A weathered, flat-topped stone pyramid held him for a moment. It reminded him of the ancient pyramids of Peru, although it was much smaller.
He made out portions of thatched roofs and slab-sided buildings---and movement. Tiny figures were hurrying across the naked, hard-packed compound to meet the Porsche. Jim saw the car as a flash of sunlight on black paint nosing into the clearing.
Jim lowered the glasses and spoke into the walkie-talkie. "Okay, Tadpole, we've nailed down the location. They've reclaimed an ancient Indian ruin, probably Incan."
Despite their circumstance, Barney's never flagging scientific interest was whetted. "Wow! I'd swap an eyetooth for a chance to study the site."
Jim grinned. "Maybe you can make it into a vacation project sometime---if we help San Gonzalo to a happier future. Time now to blow and return to base. Move out. I'll cover. Menendez may post a detail up the road a way to double check his security."
The walkie-talkie hummed for an empty moment.
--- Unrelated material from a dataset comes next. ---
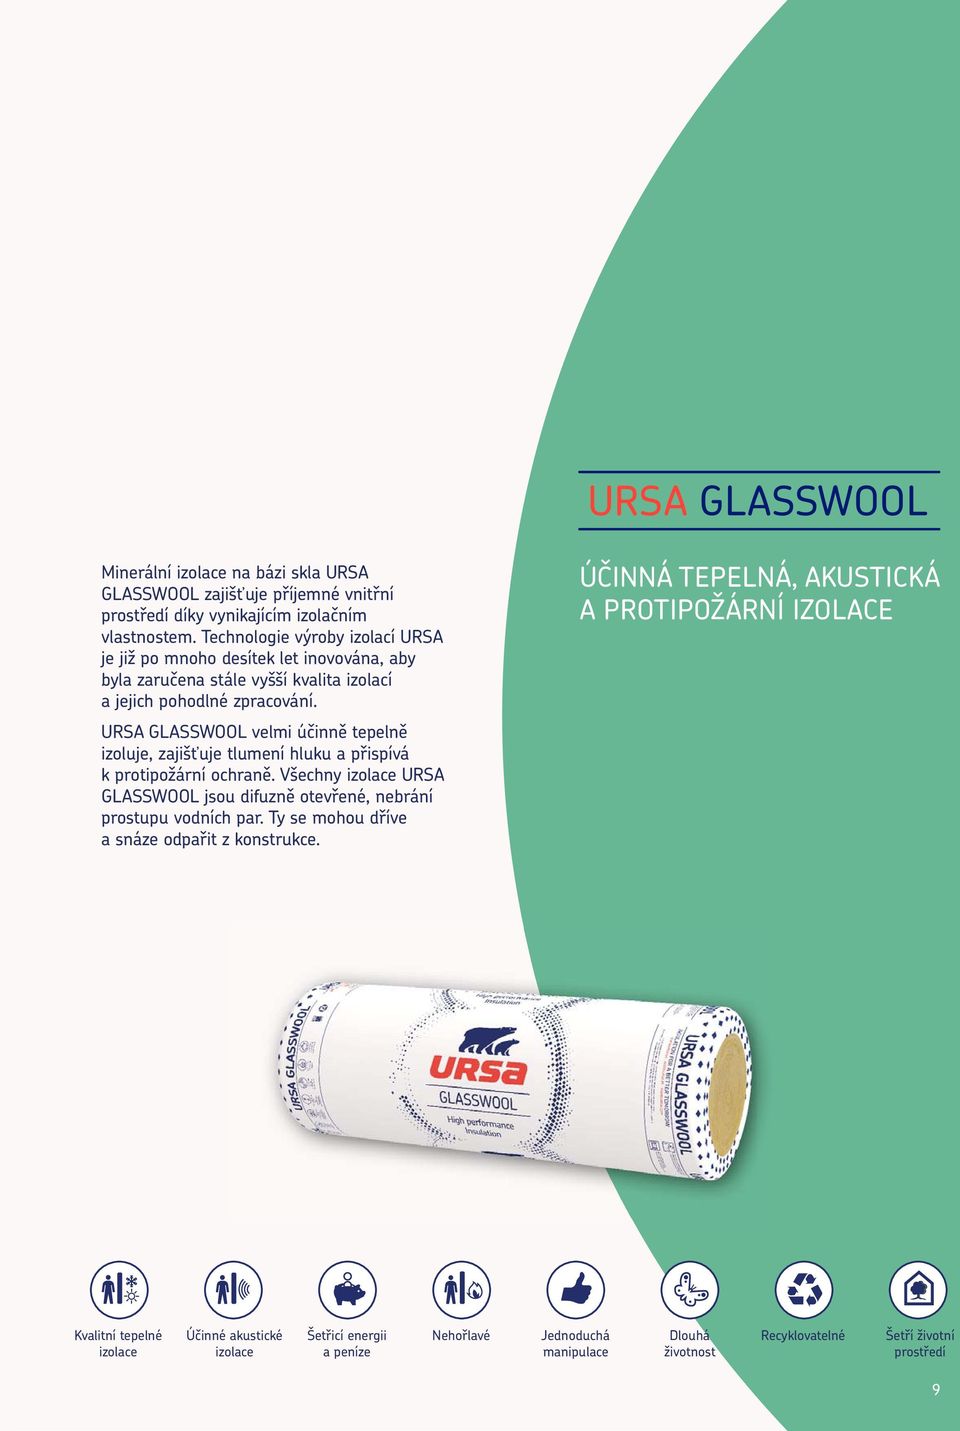 URSA GLASSWOOL velmi účinně tepelně izoluje, zajišťuje tlumení hluku a přispívá k protipožární ochraně.

Jim knew Barney was thinking of arguing about which of them should provide cover.
"It's routine, Tadpole. No sweat. Menendez will cut the road while he's in camp, but I'm sure he won't order a full-scale sweep. He's got no reason to."
"Then you won't object, Jim , if I...."
"Need to be reminded?" Jim's usually placid tone was a bit clipped as he spoke against the walkie-talkie. "You're the cornerstone in future operations. Start swimming, Tadpole!"
"Roger."
"I'll catch up before you're 5 miles closer to Balgas. Over and out."
Jim clicked off the radio and dropped it against his chest. He turned and slithered across the outcropping. Parting the underbrush, he worked his way through. Upon reaching the trail, he noted that Barney had already departed.
He left his own bike in its screen of bushes and settled himself in a fern-grown hollow to observe the road below.
Minutes passed. Insects hummed incessantly. Birds flitted, fed and orchestrated sound in the trees. An armadillo trundled across the ruts 50 yards away.
Satisfied at last, Jim pushed up, rescued his Honda from the tangle, and noiselessly walked it out of sight beyond a bend high in the hillside.